Non-theistic religion

The inverted pentagram is a widespread symbol of Satanism.

Atheistic Satanism, also known as modern Satanism, philosophical Satanism, secular Satanism, rationalistic Satanism, or non-theistic Satanism, is one of the two main forms of Satanism and the counterpart to theistic Satanism. It is an umbrella term for non-theistic religions that consider Satan to be an archetype, metaphor, or symbol (often representing a resistance to religious dominance) rather than a deity, supernatural entity, or spiritual being. It was established in 1966 with the founding of LaVeyan Satanism. Atheistic Satanism often places emphasis on individuation, personal growth and human potential. Typical beliefs of atheistic Satanism include self-responsibility, rational thinking, and rejection of religious guilt.
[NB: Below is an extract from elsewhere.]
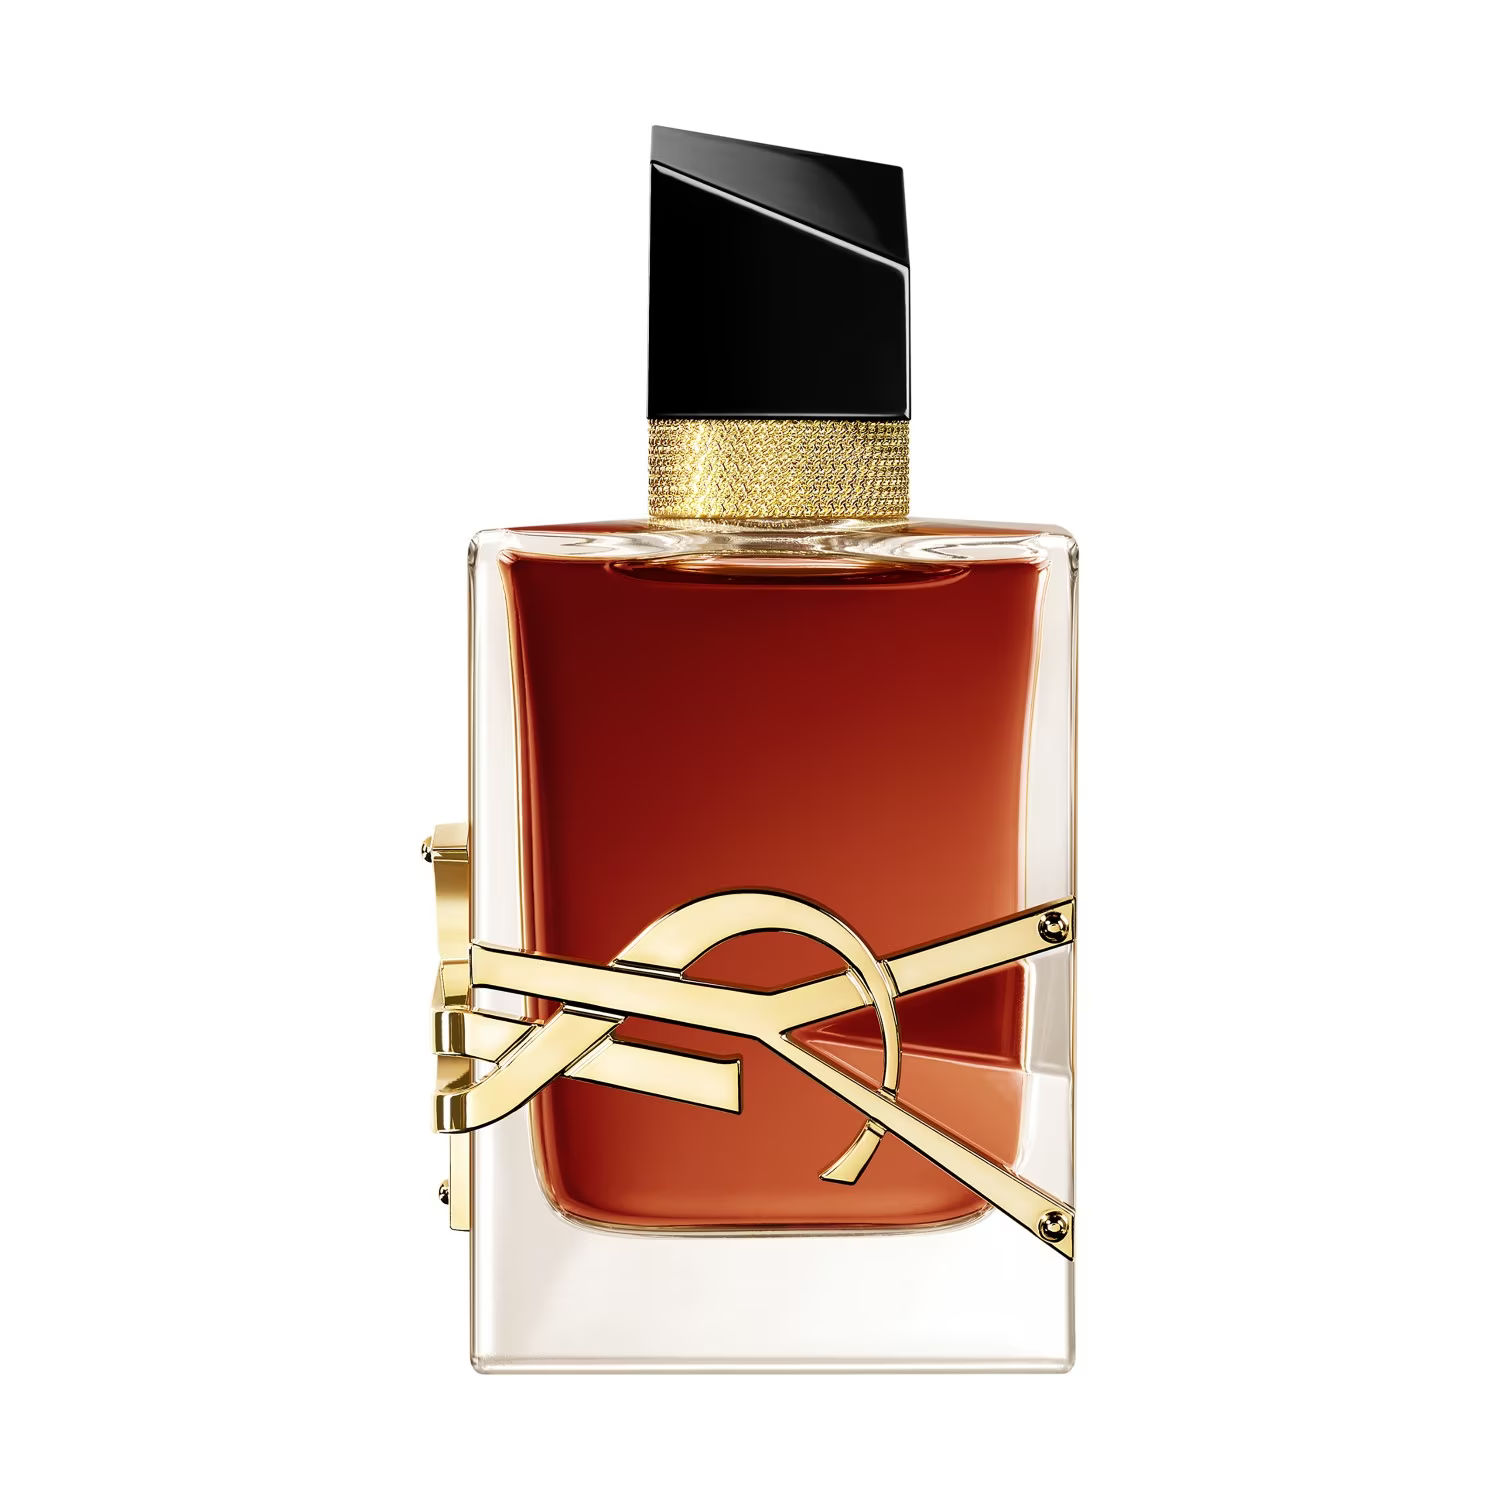 Yves Saint Laurent Libre Intense Eau de parfum Intense 90 ml

It is the most common form of Satanism. It is a left-hand path religion.

== Overview ==
Atheistic Satanism is commonly divided into two main forms which are the Satanism of LaVeyan Satanism and The Satanic Temple.

=== LaVeyan Satanism ===

The Sigil of Baphomet: emblem of the Church of Satan

Atheistic Satanism first began with the founding of LaVeyan Satanism and its church, the Church of Satan, in San Francisco, California on April 30, 1966 by the late Anton LaVey. The religion does not believe Satan to be a deity nor an existing figure but instead a symbol of characteristics of human nature such as pride. Some beliefs include that humans are animals, egoism, Social Darwinism, and anti-egalitarianism. Rituals are a form of psychodrama and includes the practice of psychological based magic which is divided into lesser magic and greater magic. Lesser magic is manipulation carried out by applied psychology while greater magic are rituals meant to focus individual energy. Holidays celebrated are Walpurgis Night, Yule, Halloween, birthdays, equinoxes, and solstices. The foundational text is The Satanic Bible which was written in 1969 by LaVey. LaVey's daughter, Karla LaVey, founded her own church dedicated to LaVeyan Satanism on October 31, 1999 called the First Satanic Church.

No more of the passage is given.